Jordi Ortiz de Urbina defended his thesis directed by Gemma Sesé Castel on September 30, 2021 at the North Campus. Titled “Orientational dynamics and local order in supercooled molecular liquids”, the thesis analyzes the behavior at temperatures close to the vitreous transition thanks to the results obtained in molecular dynamics simulations
Jordi Ortiz de Urbina defends his thesis on orientational properties and local structure in supercooled molecular liquids
Cosine of the angle formed by the dipole moments of two molecules per methanol and by a dipole liquid without hydrogen bonds as a function of distance, at different temperatures.

The main objective of the thesis is to study, by means of molecular dynamics simulations, the behaviour of two molecular models at different temperatures, approaching the glass transition. One system models methanol and the other differs from the former only in the ability to establish hydrogen bonds. The analysis carried out focused on the reorientational dynamics, the dielectric response and various orientational properties that characterize the local structure.

All the time correlation functions analyzed show a two-stage relaxation, separated by a plateau at the lowest temperatures. Translational relaxation times are longer than reorientational relaxation times in the hydrogen-free system. Molecules with higher translational mobility have also been found to have undergone larger reorientations. Also in this system, the rotational dynamics around a main axis of inertia has been investigated. Rotational diffusion coefficients have been shown to follow a mode coupling law with a critical temperature lower than that corresponding to translational diffusion. Therefore, at low temperatures, when translational dynamics is severely hindered, rotation is still active. The results show that the Stokes-Einstein relation ceases to be satisfied at a higher temperature than the Stokes-Einstein-Debye one.

The anisotropy of rotational dynamics in methanol has also been analyzed, by considering the rotation around the three main axes of molecular inertia.

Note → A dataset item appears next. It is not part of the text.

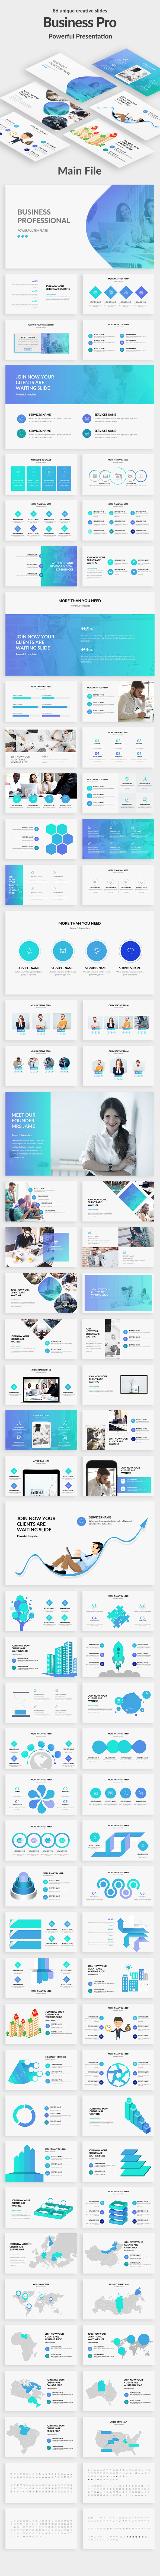 Business Professional Powerpoint Template
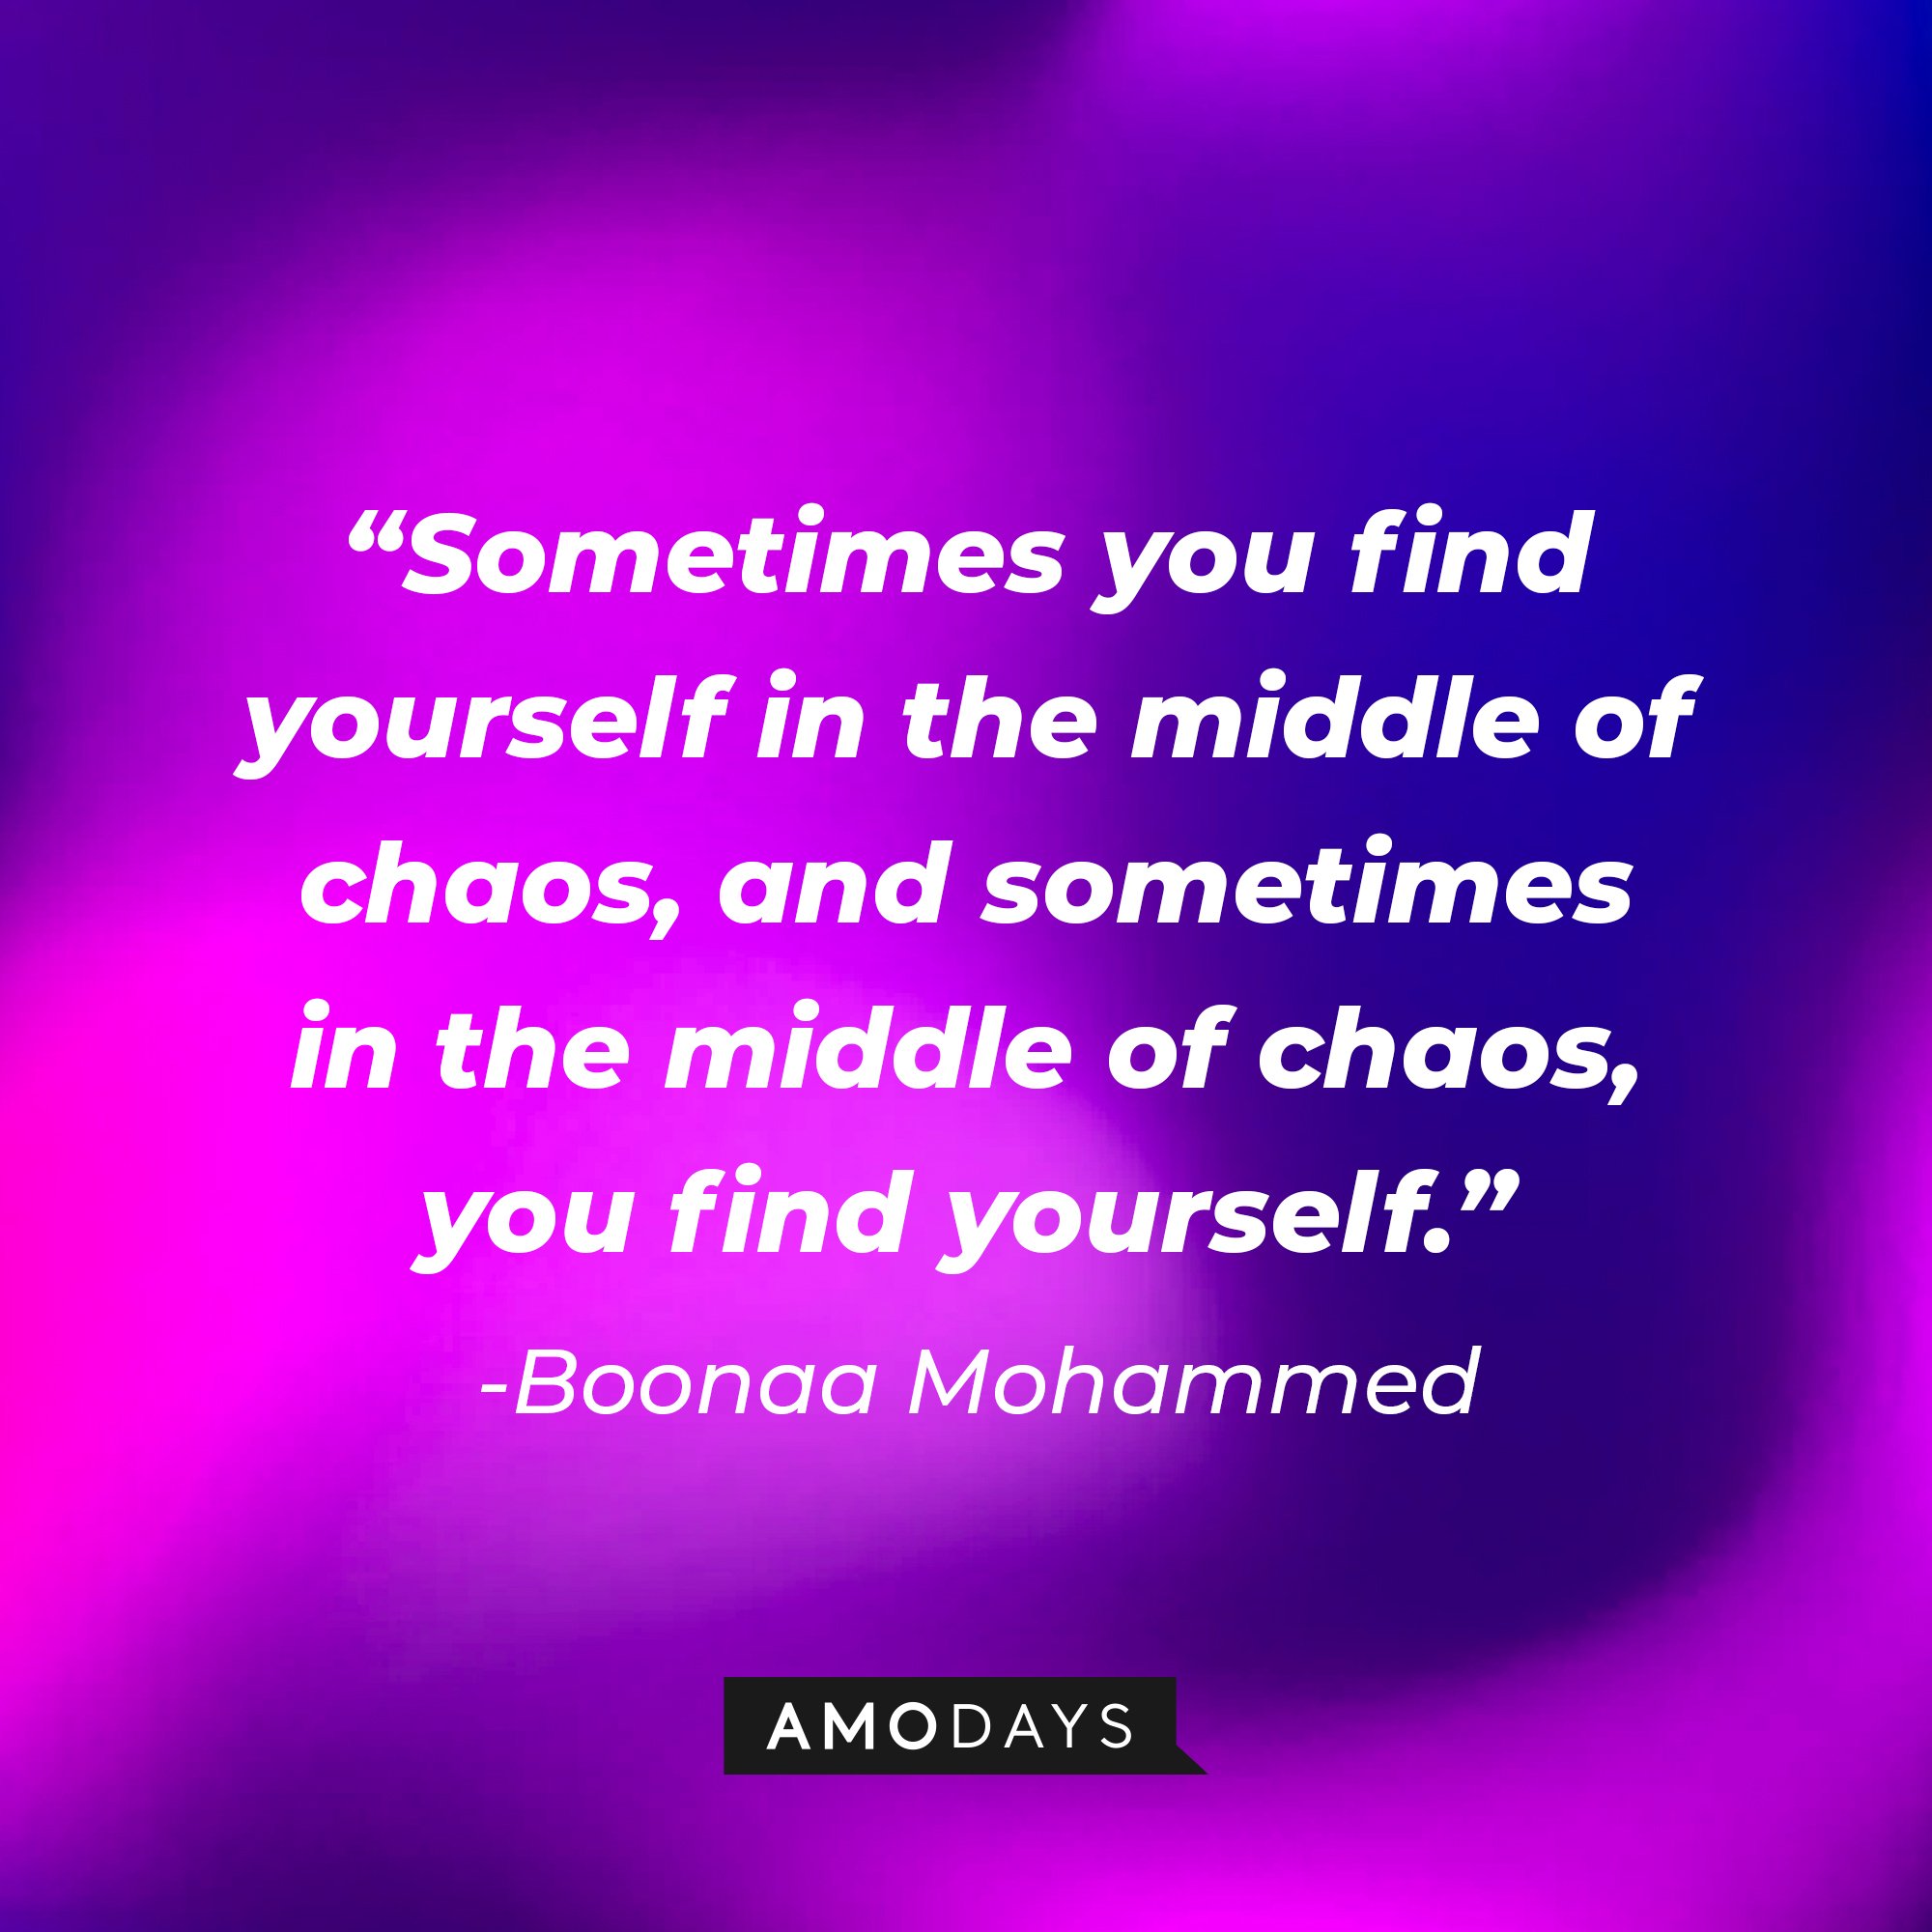 Boonaa Mohammed's quote: "Sometimes you find yourself in the middle of chaos, and sometimes in the middle of chaos, you find yourself." | Image: AmoDays

Rotational spectra have been found to contain higher frequency contributions than those detected in the translational spectrum. Its dependence on the number of hydrogen bonds in which the molecules are involved has also been studied. As this number grows, the main peaks move to higher frequencies. As the temperature decreases, no significant change is observed in the frequencies involved, but in the importance of the peaks of the distributions. Different models of rotational relaxation have been analyzed, which lead to analytical relationships between angular momentum relaxation times and reorientation times. The Langevin model satisfactorily reproduces the behaviour of the liquid without hydrogen bonds, even in the supercooled state, while it only reproduces the behaviour of methanol at temperatures close to room temperature.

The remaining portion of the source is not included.